Il codice conserva la caotica ed inefficiente normativa sulla qualificazione delle stazioni appaltanti e forme coatte di aggregazione delle gare, in particolare per gli enti locali, con effetti esiziali sull’ordine delle competenze e la stessa chiarezza su chi possa o debba seguire quali spezzoni della procedura.
Inoltre, si introduce l’evitabilissimo elemento della facoltà di prevedere prestazioni professionali gratuite, altro colpo formidabile alla concorrenza e al mercato, del quale non si sentiva assolutamente il bisogno.
A fronte di pochi elementi di semplificazione rilevabili nel ridisegno più razionale del flusso che porta alla sottoscrizione del contratto (si anticipa, correttamente, la verifica dei requisiti all’aggiudicazione “definitiva”), le “marce forzate” imposte per gli affidamenti non segnano affatto tempistiche particolarmente brevi, nè, come logico, lo sforamento dei tempi comporta conseguenze come la decadenza o la nullità dei provvedimenti: non ci si può certo permettere la vanificazione di mesi di lavoro, per un aspetto formalistico.
La questione dei subappalti a cascata è pura polemica politica: sono da attuare direttive Ue, magari non proprio in linea con la realtà imprenditoriale e con i problemi di criminalità organizzata in Italia, ma tale attuazione è inevitabile.

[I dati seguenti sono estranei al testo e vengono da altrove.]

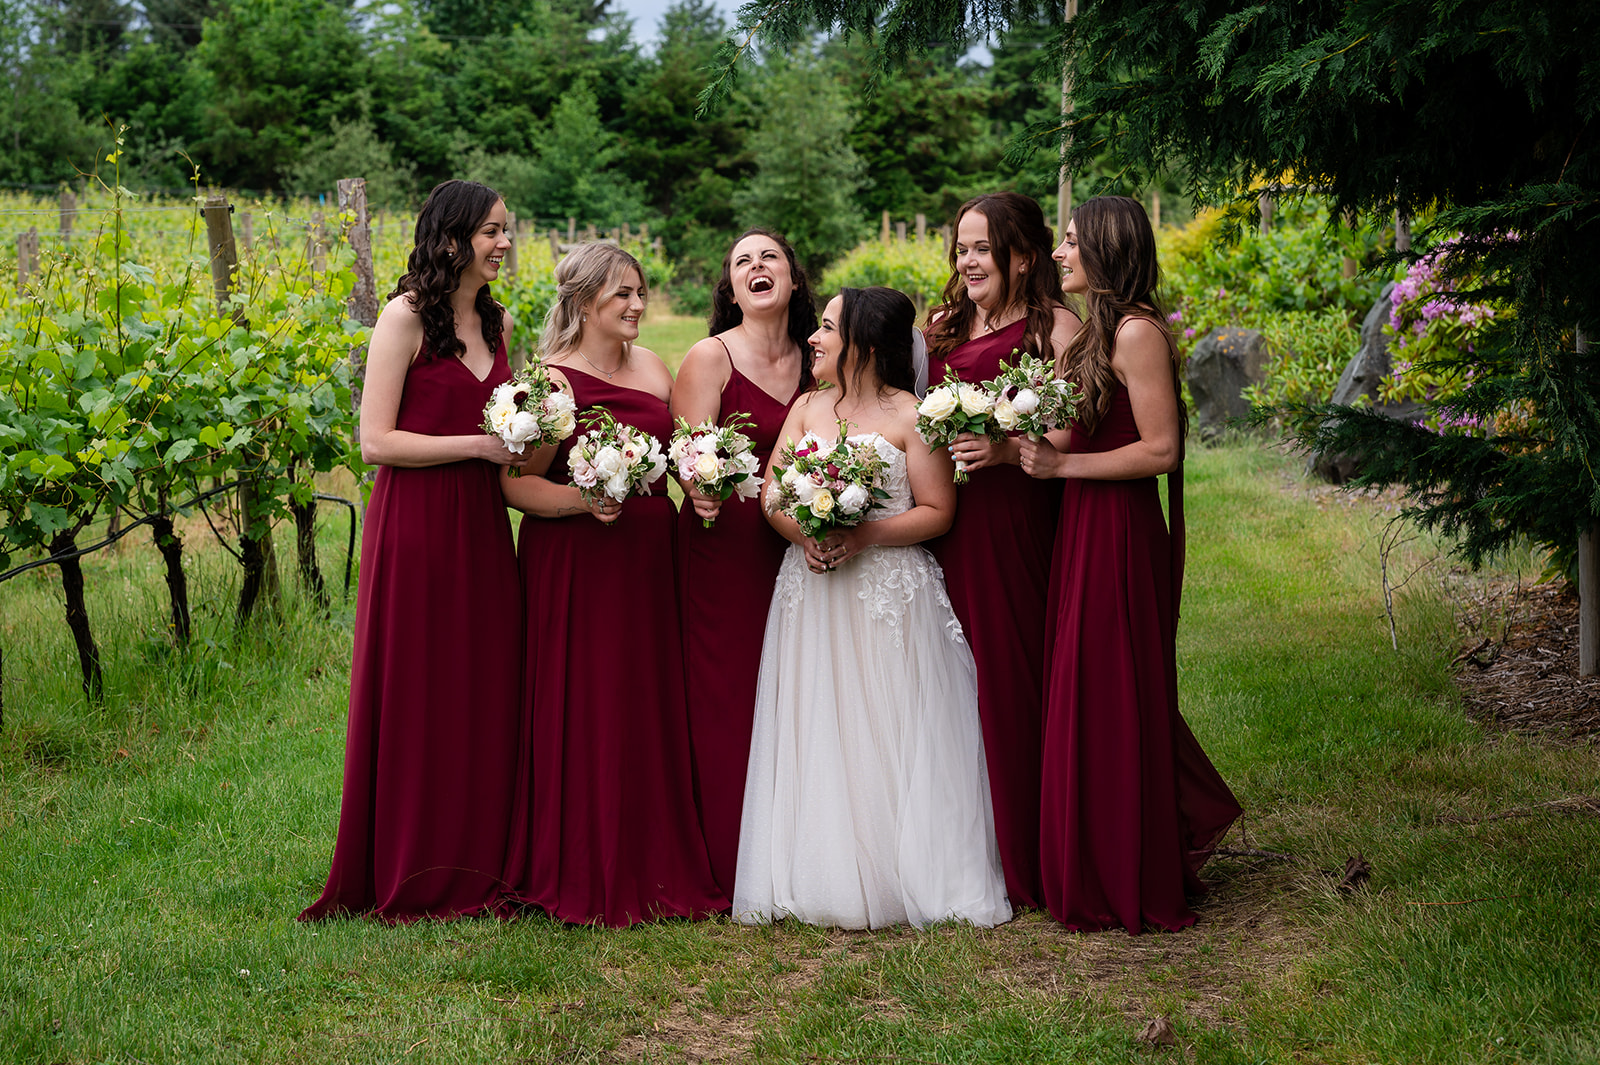 Bridal portraits at Wedding  at 40 Knots Winery on Vancouver Island

Restano anche le norme velleitarie sulle opportunità lavorative per giovani, disabili e donne (in un settore, quello dell’edilizia, che per ovvie ragioni è poco frequentato dalle donne per loro precisa scelta), così come restano le confuse disposizioni sui costi minimi del personale da adibire ai lavori. Un giustissimo principio, quello dello scomputo di tali costi dalla base alla quale applicare il ribasso, ma un principio di attuazione sostanzialmente tra l’impossibile ed il velleitario, nel Paese le cui policy, da anni, qualunque siano state le maggioranze in Parlamento, sono orientate a non determinare un minimo unico salariale. Sicchè, anche la “clausola sociale” che dovrebbe garantire l’occupazione dei lavoratori in caso di passaggio dell’appalto da un appaltatore all’altro resta comunque un imbellettamento, visto che nella pratica operativa è perfettamente bypassabile.

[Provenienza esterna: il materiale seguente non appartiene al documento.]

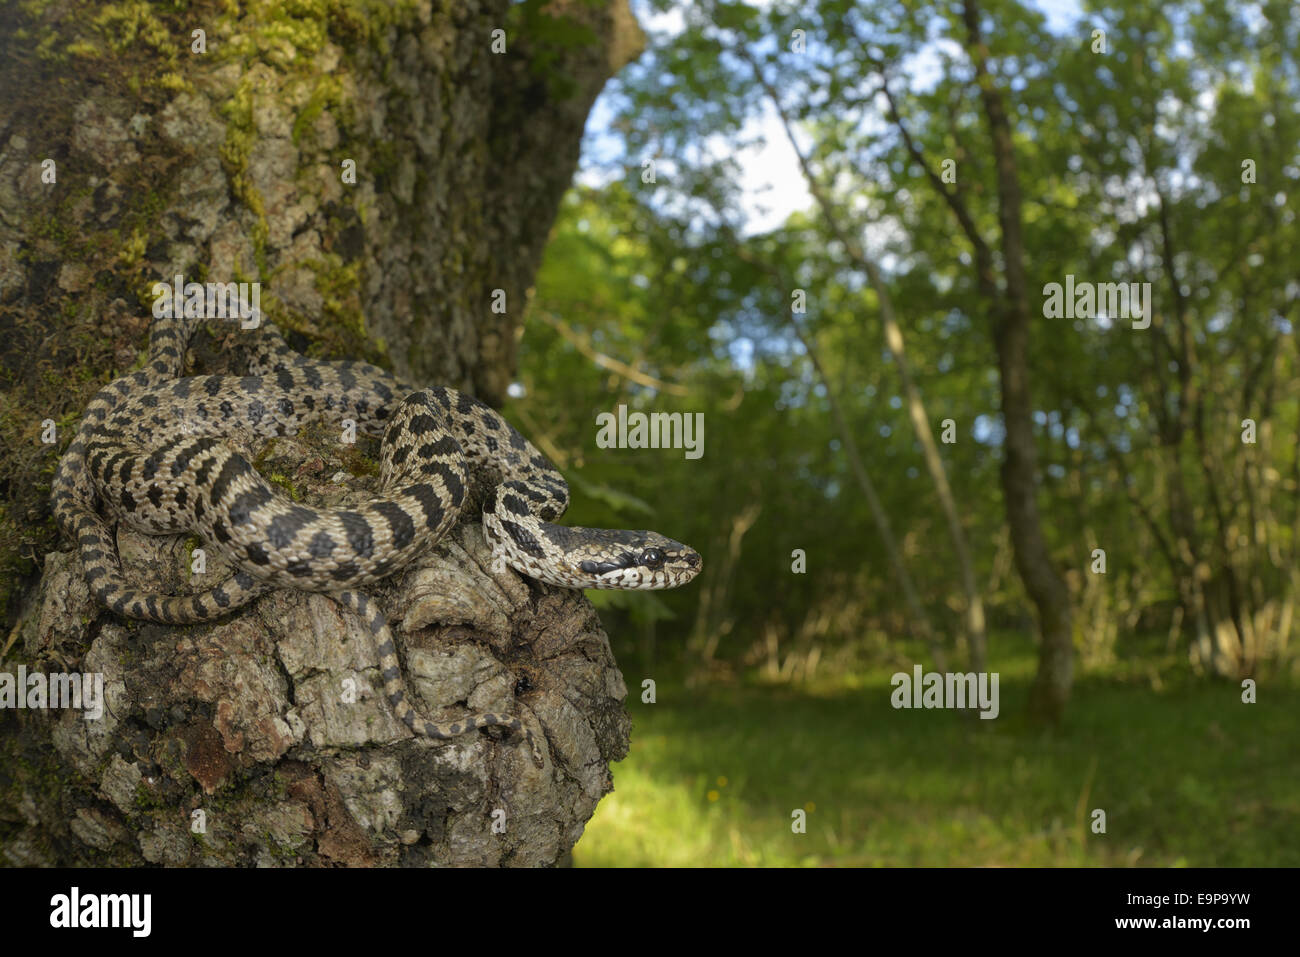 Four-lined Snake (Elaphe quatuorlineata) young, coiled on Downy Oak (Quercus pubescens) trunk, Croatia, April Stock Photo

Molto profondo l’intervento, poi, sul Rup, che da responsabile unico del procedimento, diviene responsabile unico del progetto. Non è solo una modifica nominalistica; il Rup assume una funzione più organizzativa che procedimentale, ma è evidente che si tratta della solita riforma organizzativa di già difficile comprensione ed attuazione in enti ampi e strutturati, ma di applicazione praticamente impossibile senza forzature, in particolare nel sistema degli enti locali, composto come noto da enti di dimensioni organizzative molto, troppo contenute.

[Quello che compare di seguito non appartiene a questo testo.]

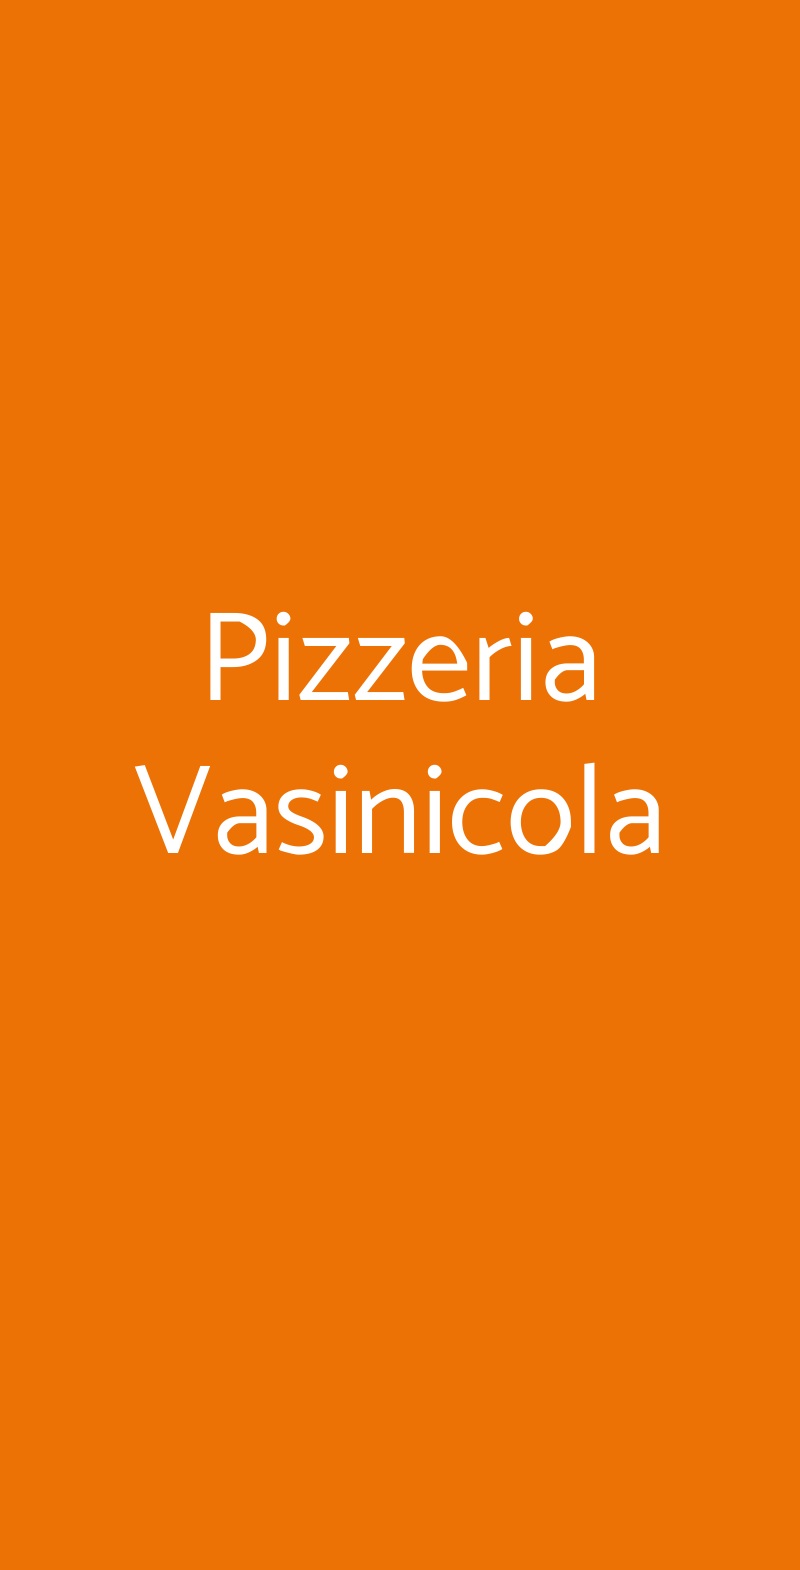 Pizzeria Vasinicola Napoli menù 1 pagina

Insomma, considerato che le vecchie norme sugli appalti non hanno certo prodotto grandi risultati in termini di speditezza, efficacia ed economicità, mentre le nuove e recenti norme emergenziali di sicuro non hanno dato alcuna spinta utile alle opere finalizzate al Pnrr, aspettarsi che una riforma volta a condensare queste norme e compendiarle possa dare entro breve tempo forti delusioni non è professione di pessimismo, ma pura constatazione del reale.